**EXERCISE AIM**
Write out the full listing exactly as given, minus the images.

**DATA BELOW**
▼

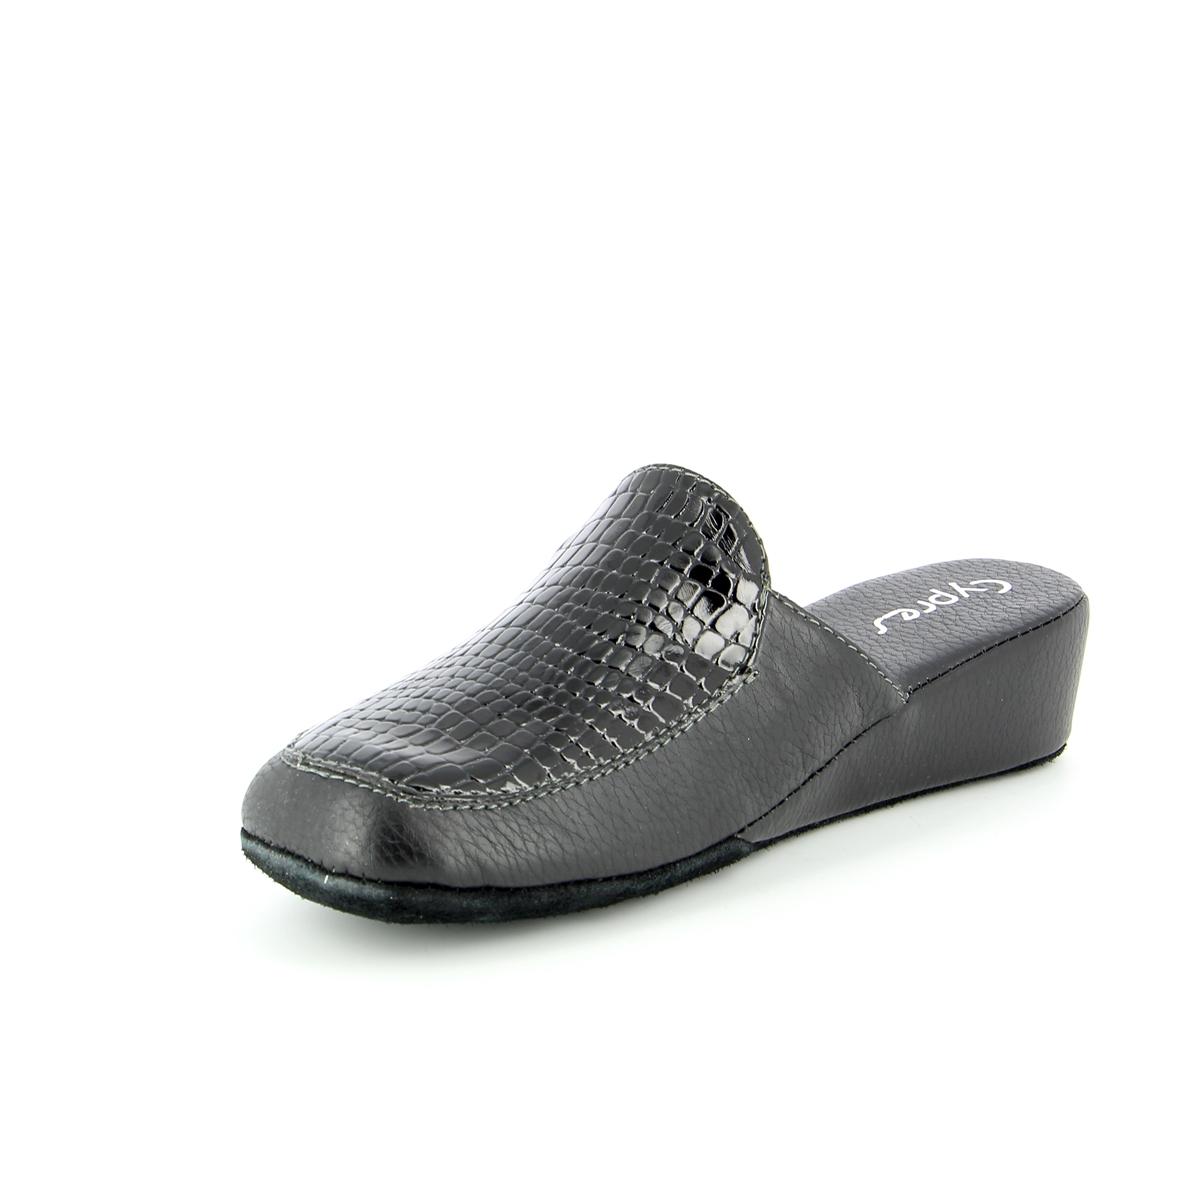 Cypres Pantoufles noir
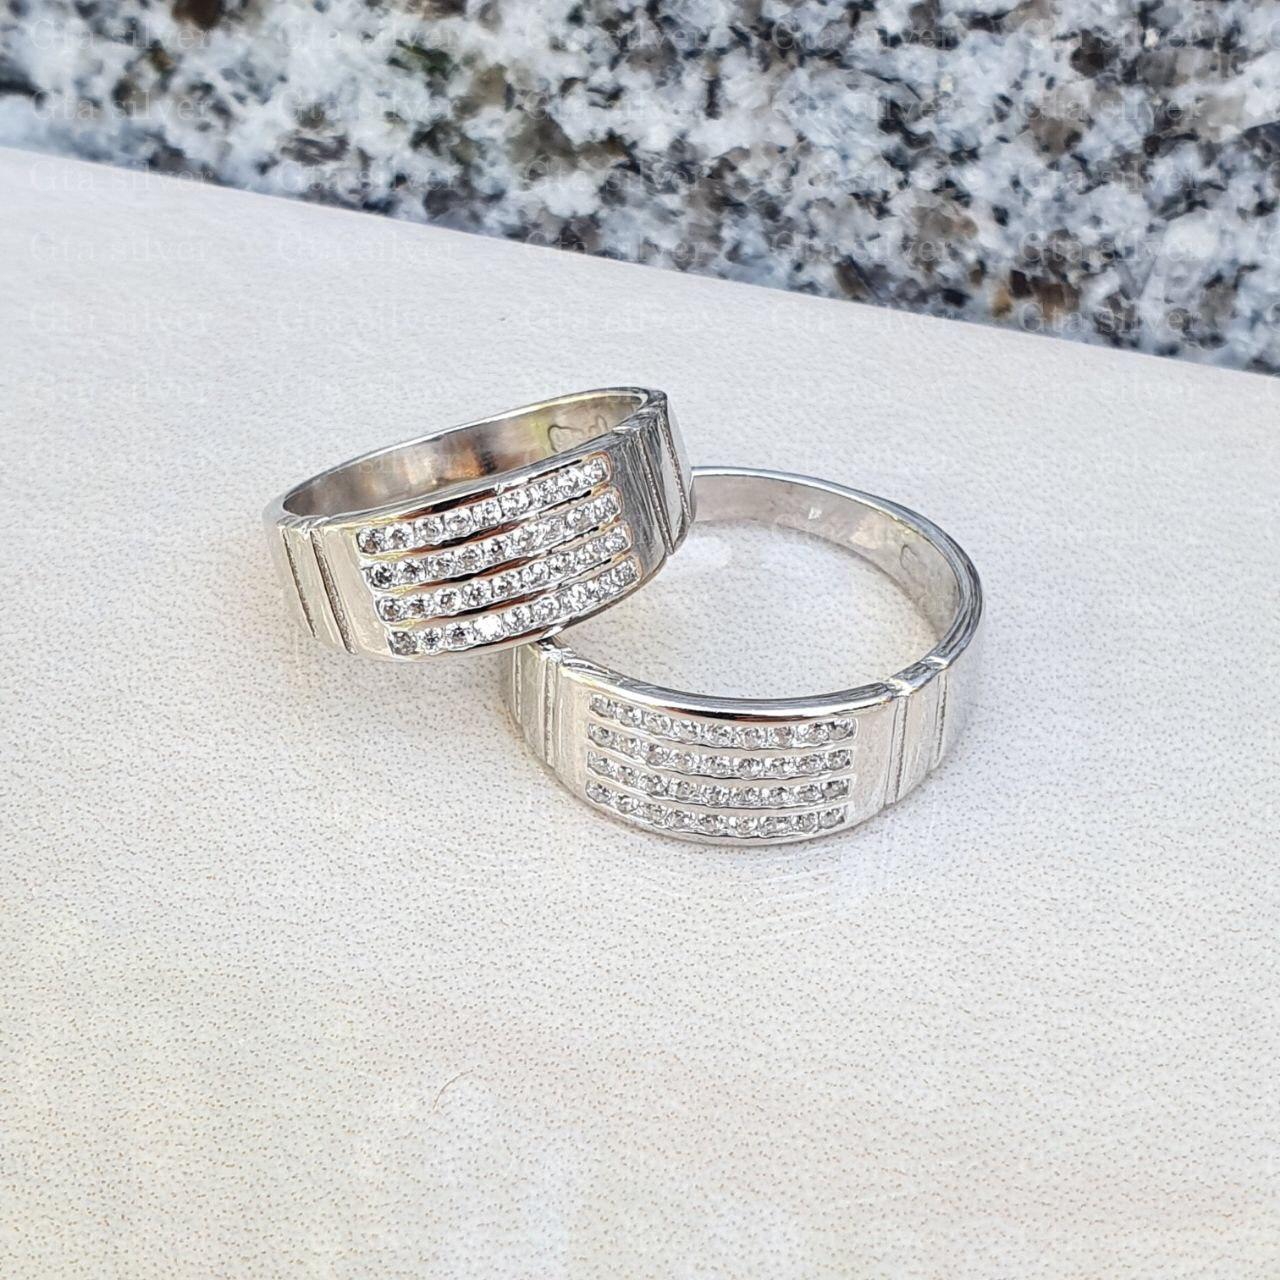 ست حلقه ازدواج وزن 7.5 گرم مدل 36
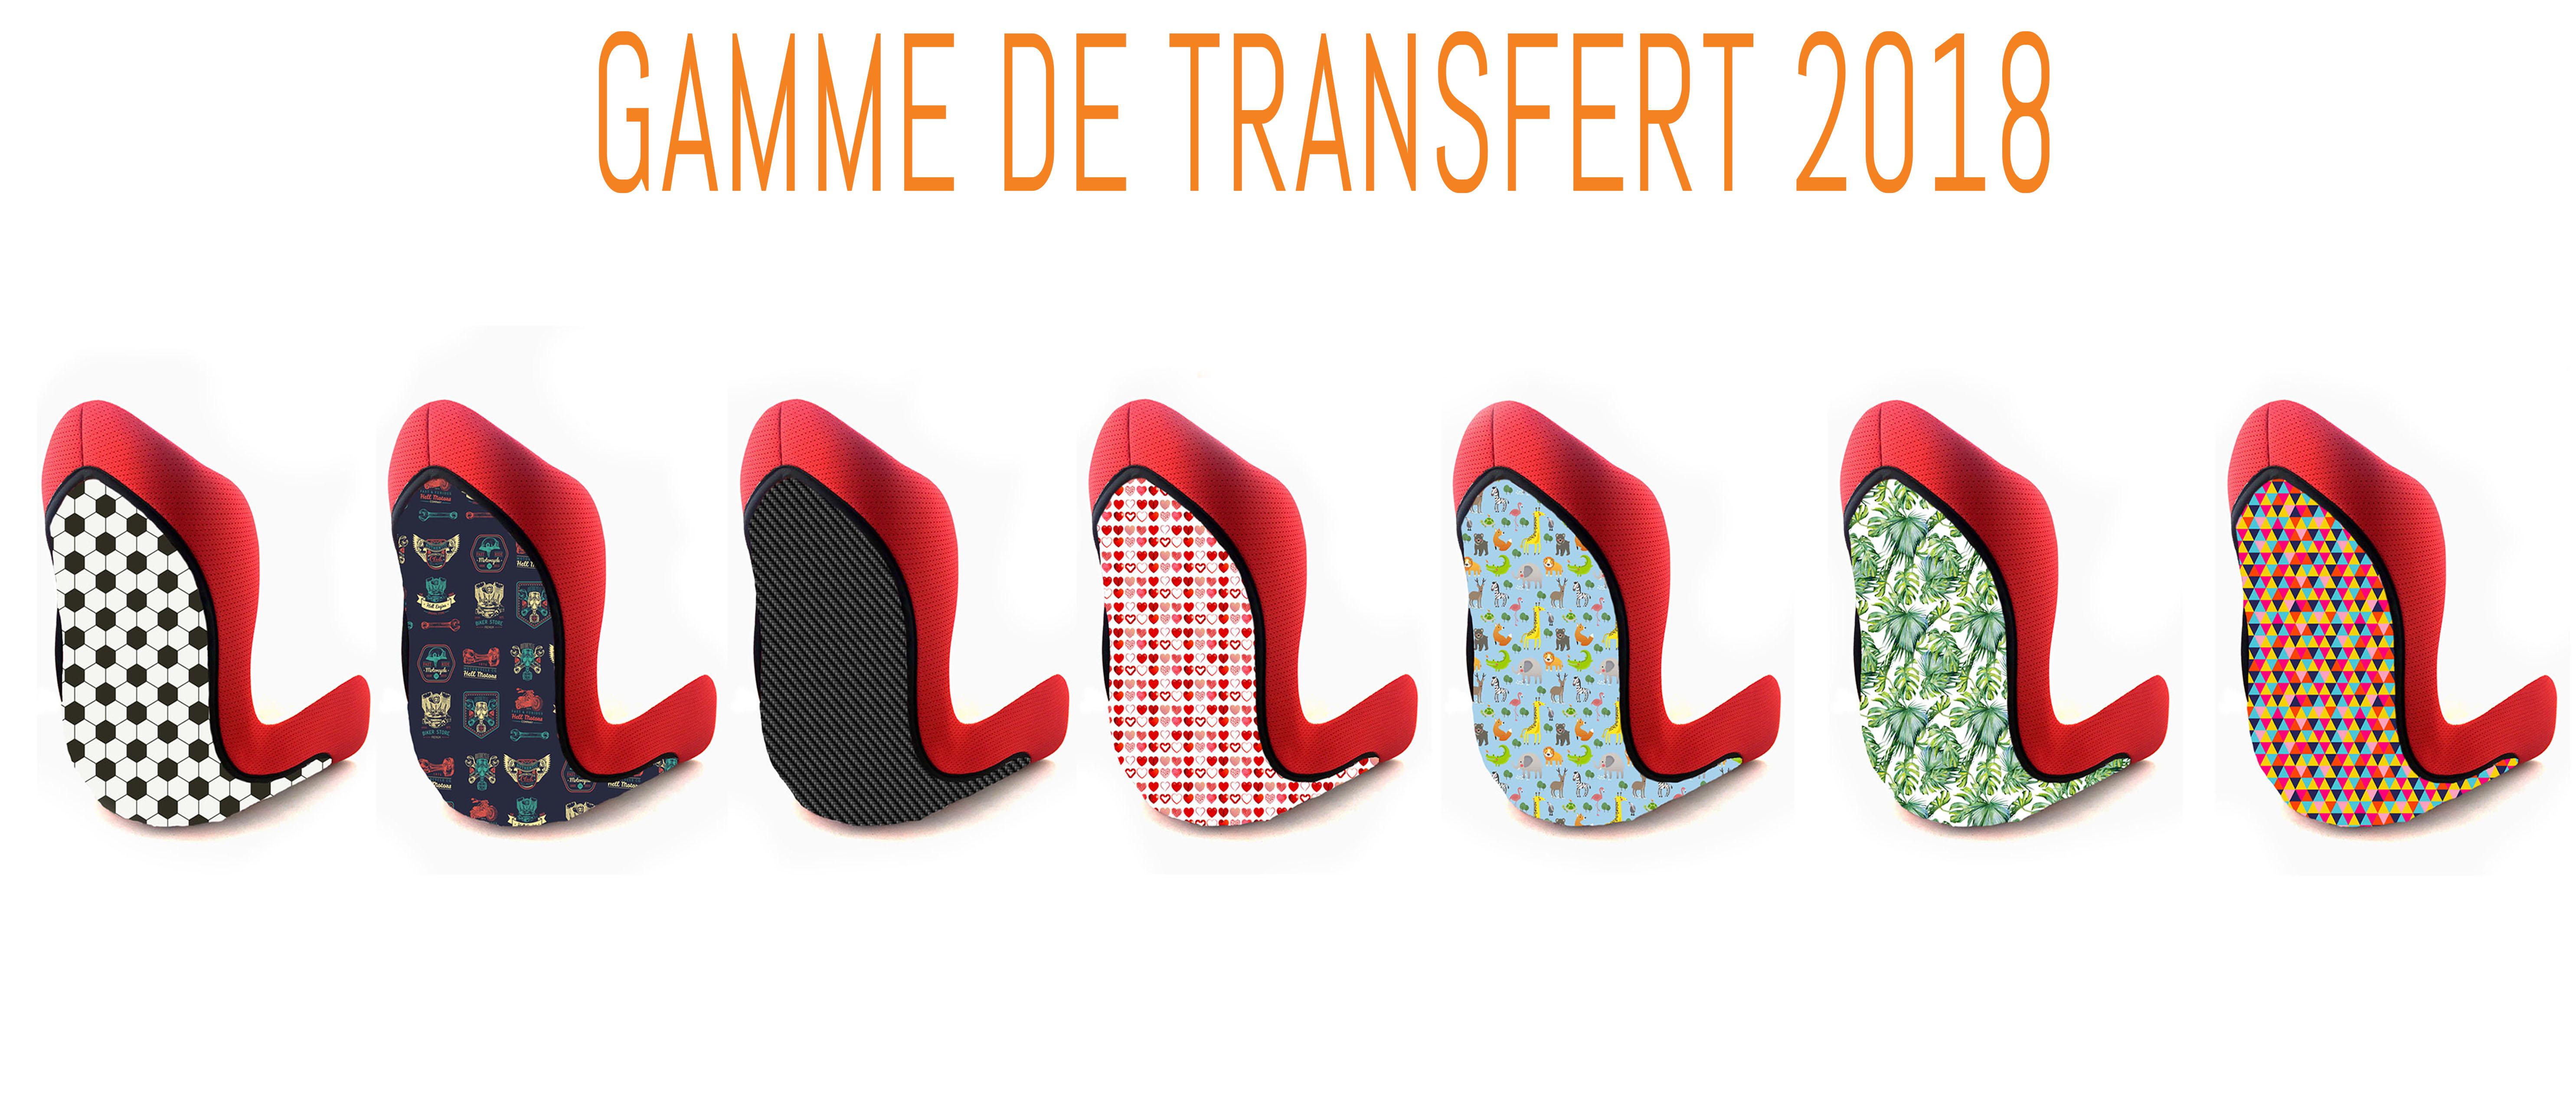 gamme_de_transfert_201820
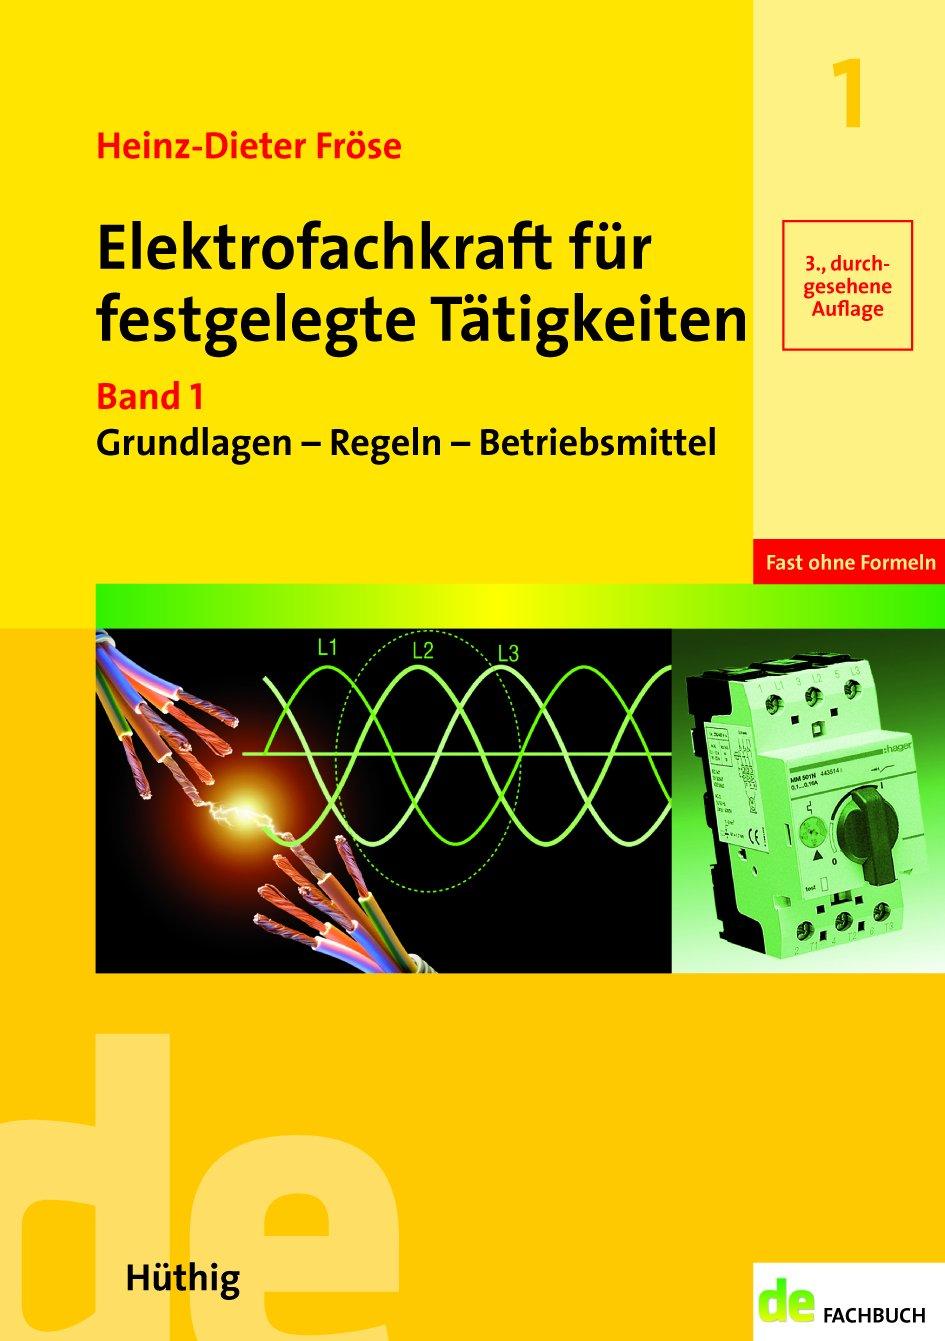 Elektrofachkraft für festgelegte Tätigkeiten Band 1: Grundlagen - Regeln - Betriebsmittel (de-Fachwissen)

▲

**SOLUTION FOR THIS PROBLEM**
 Cypres Pantoufles noir
 ست حلقه ازدواج وزن 7.5 گرم مدل 36
 gamme_de_transfert_201820
 Elektrofachkraft für festgelegte Tätigkeiten Band 1: Grundlagen - Regeln - Betriebsmittel (de-Fachwissen)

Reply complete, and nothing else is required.